What to produce | Would you retype the whole listing exactly, leaving its pictures out?

Information shown |

* * * * * * *

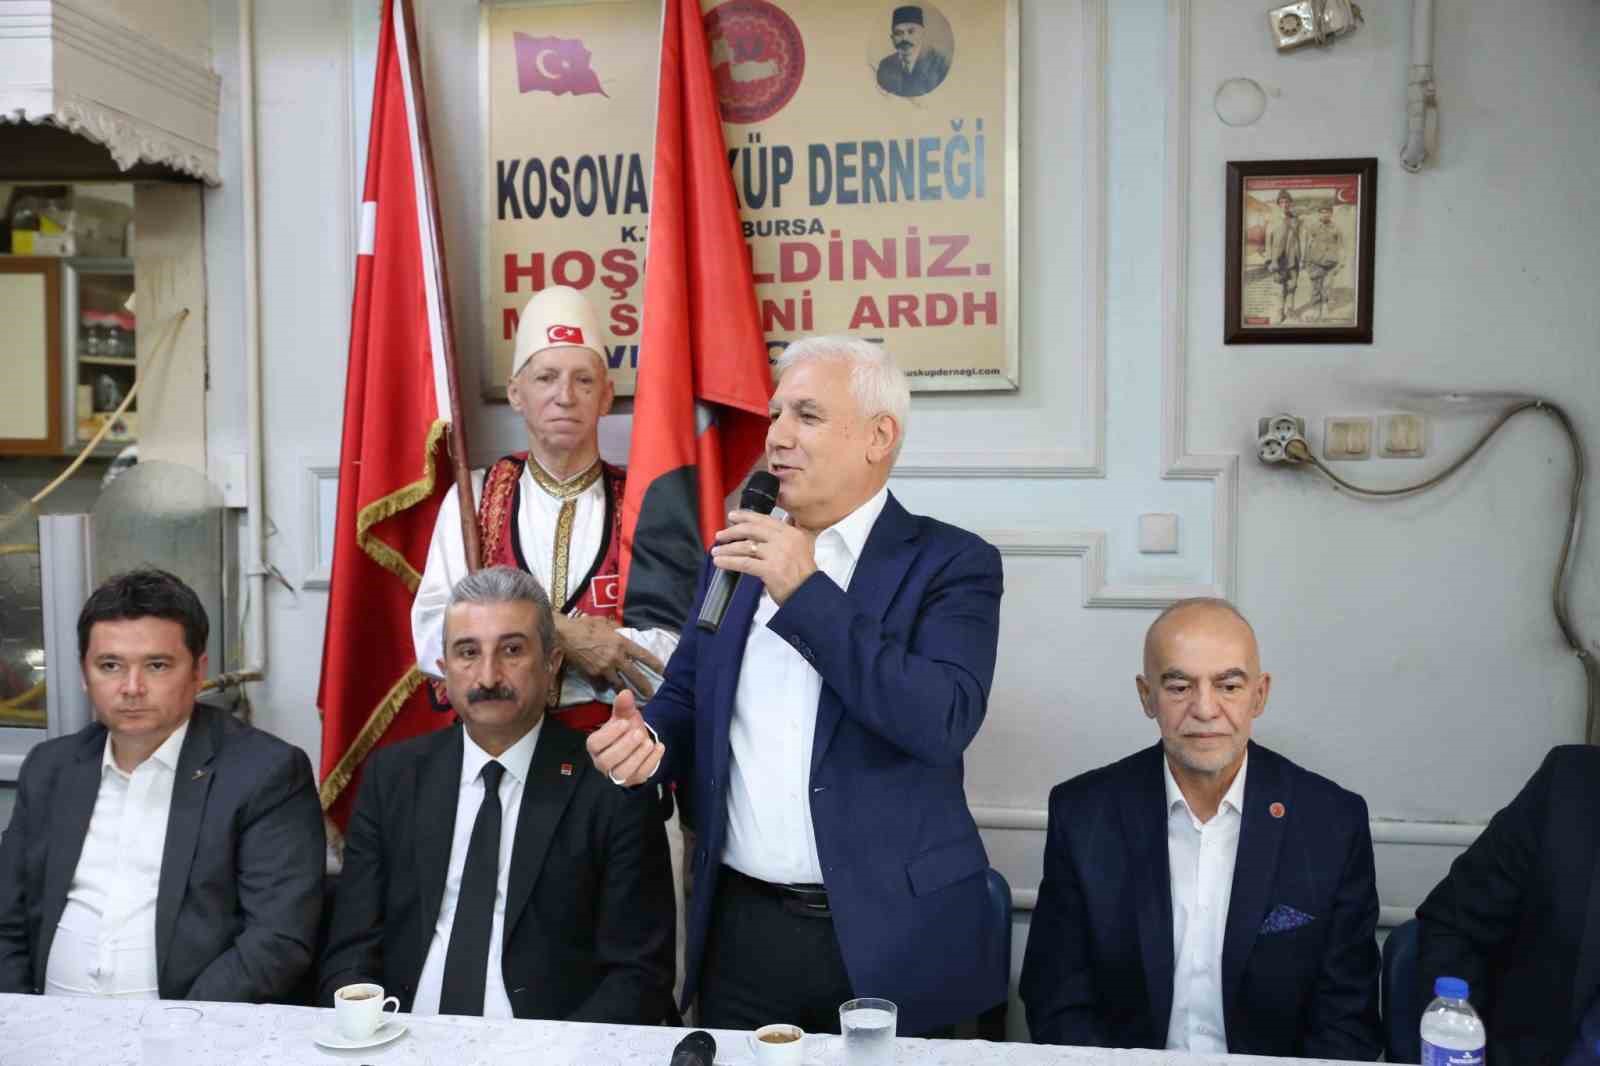 Bursa Büyükşehir Belediye Başkan Adayı Mustafa Bozbey: “Bursada Kentsel Dönüşüm Yapılmadı
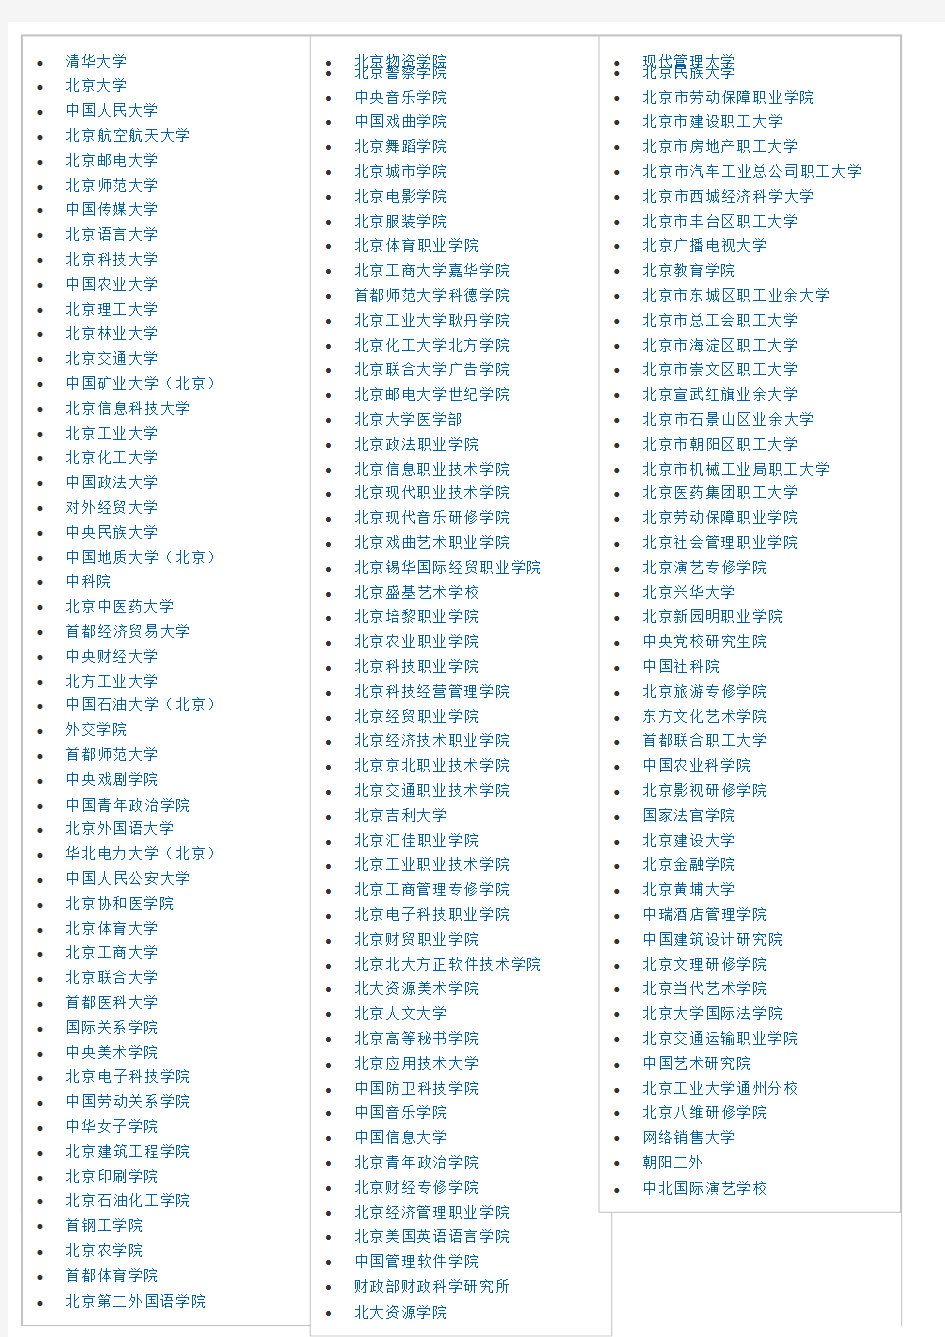 北京大学列表
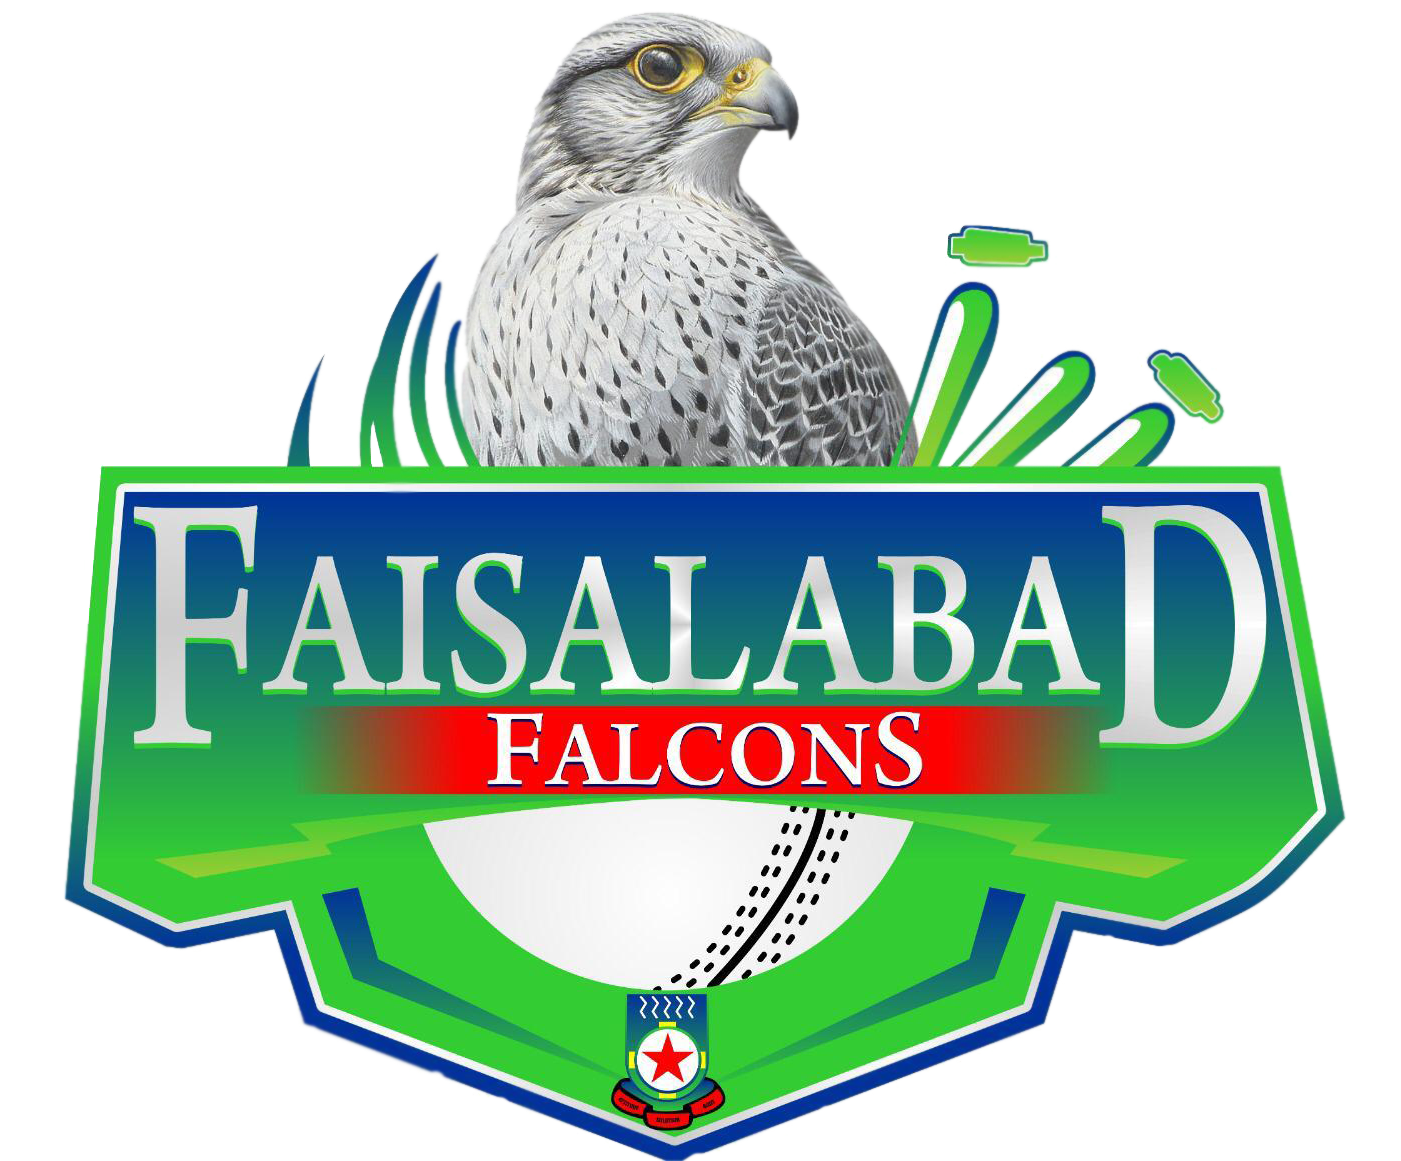 Faisalabad Falcons
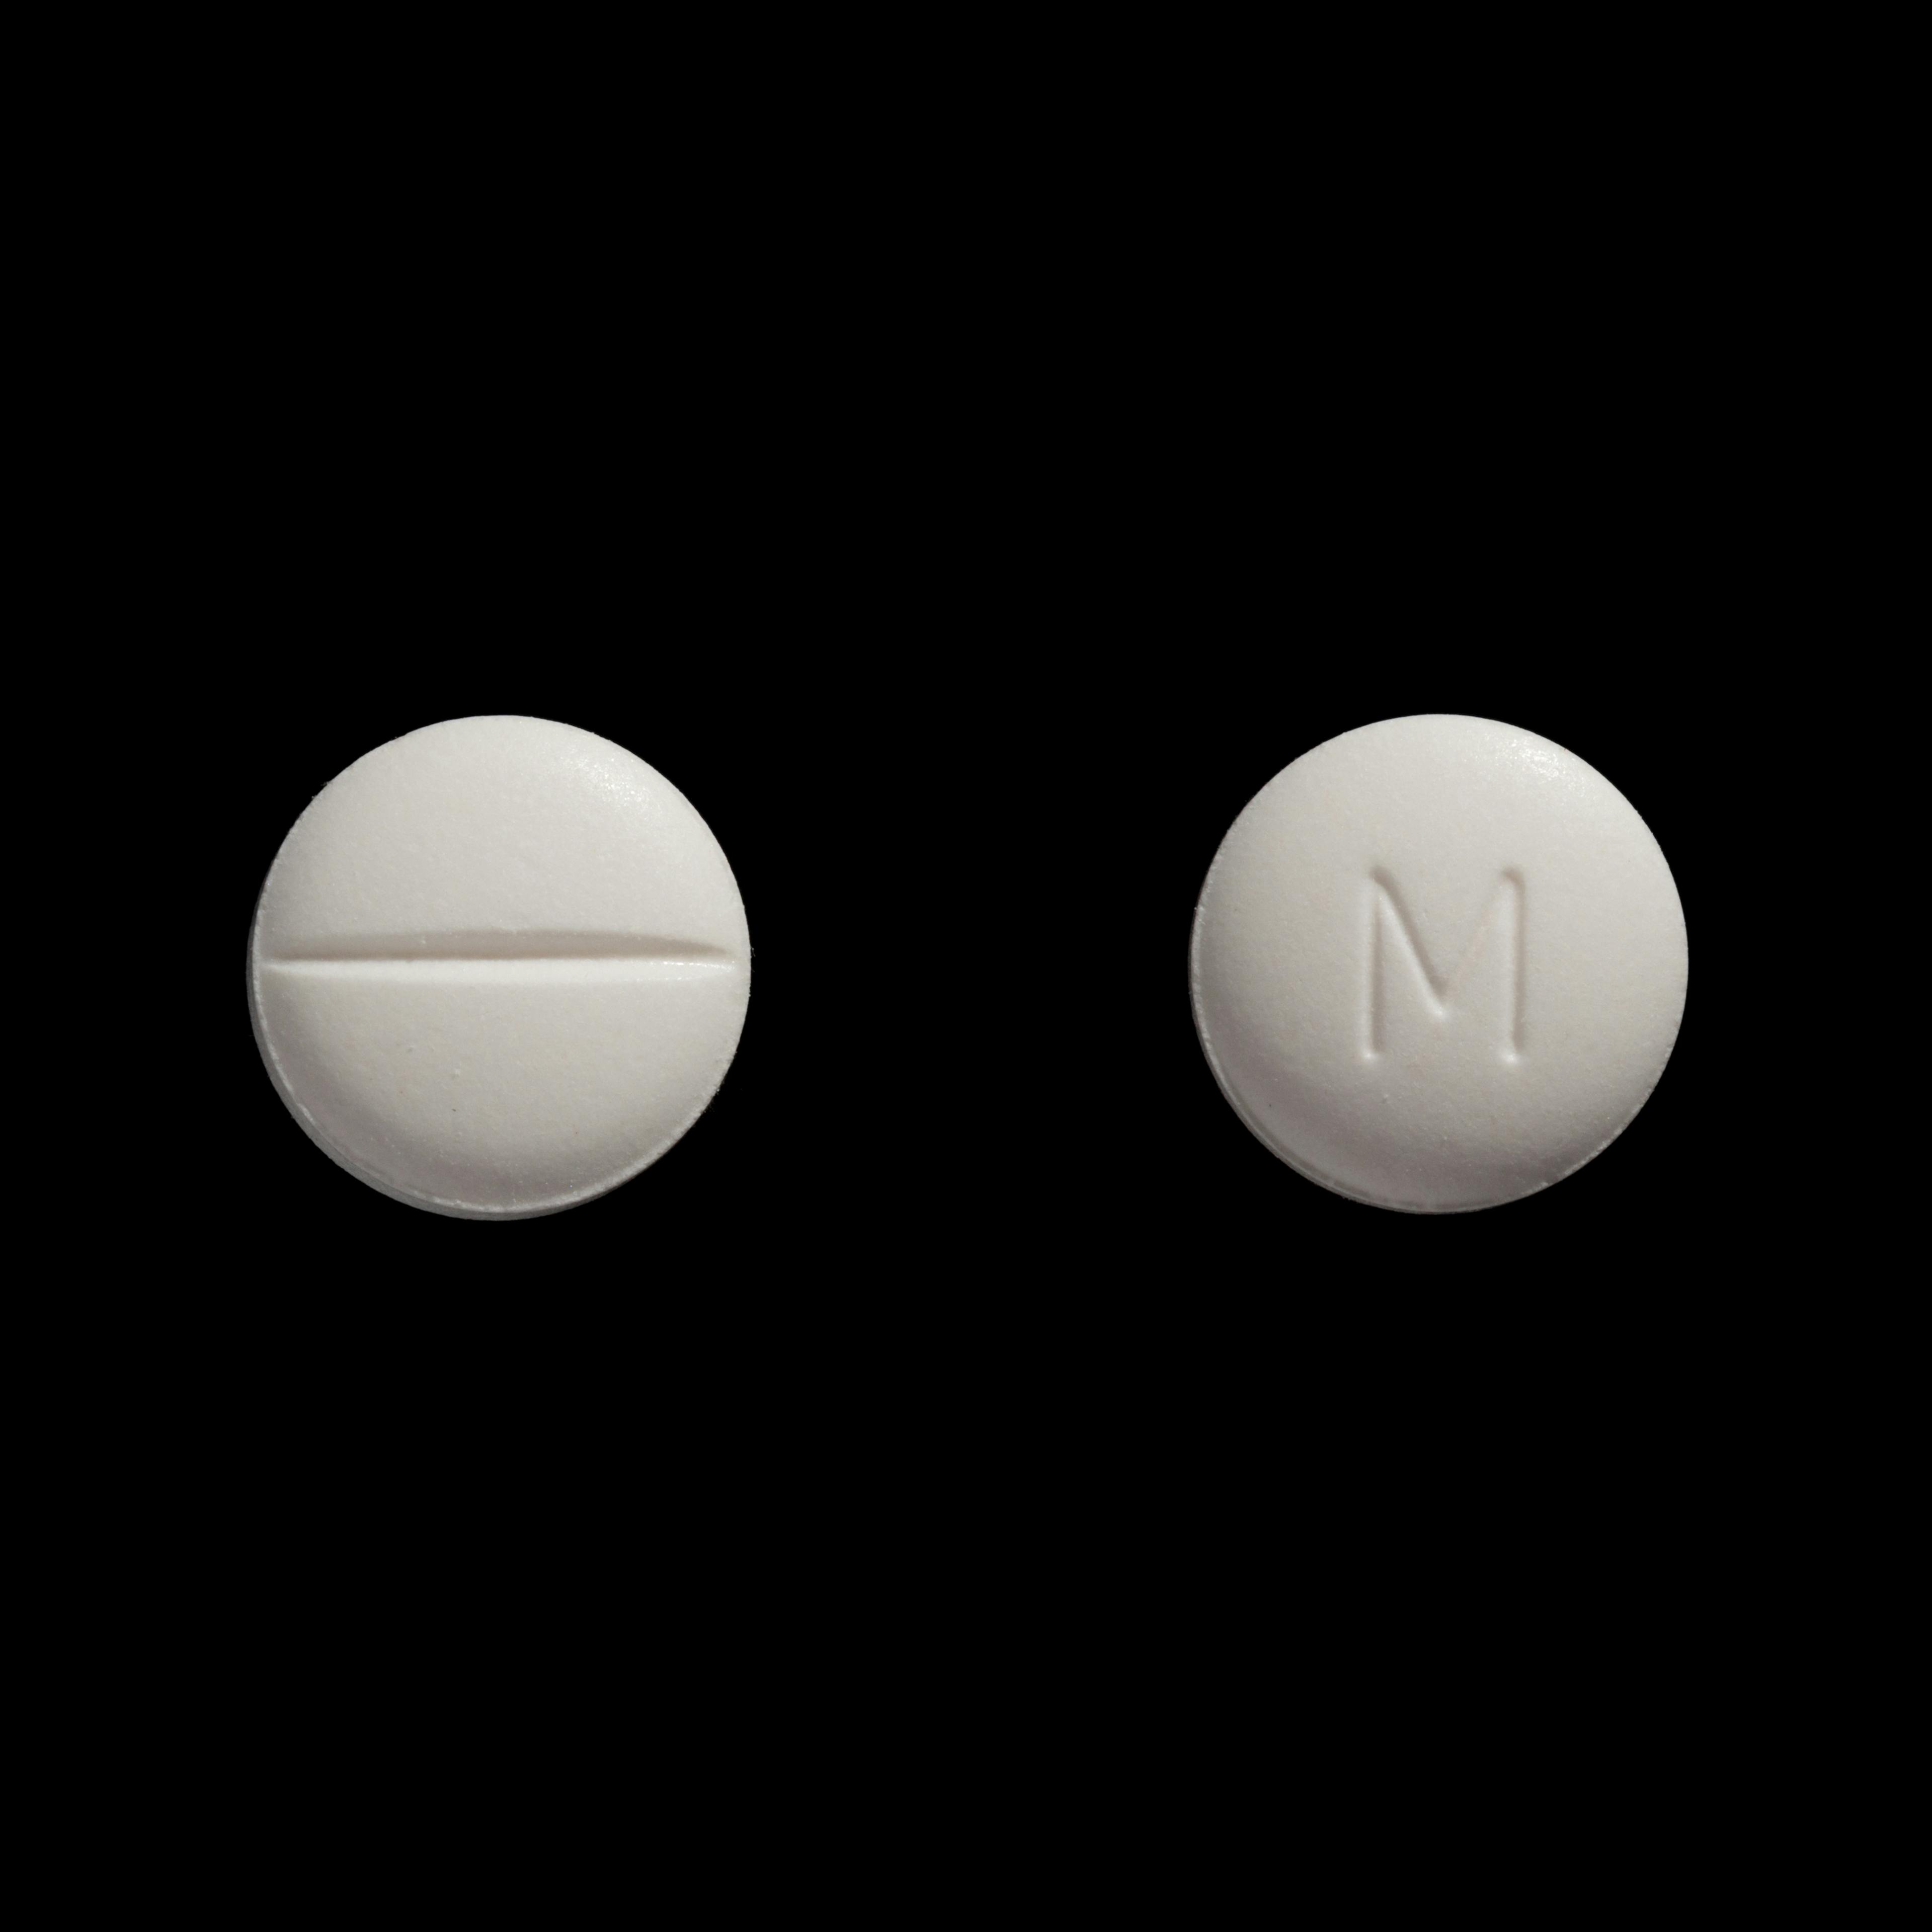 Metoprolin 100 mg töflur

* * * * * * *

Exercise solution |
 Bursa Büyükşehir Belediye Başkan Adayı Mustafa Bozbey: “Bursada Kentsel Dönüşüm Yapılmadı
 北京大学列表
 Faisalabad Falcons
 Metoprolin 100 mg töflur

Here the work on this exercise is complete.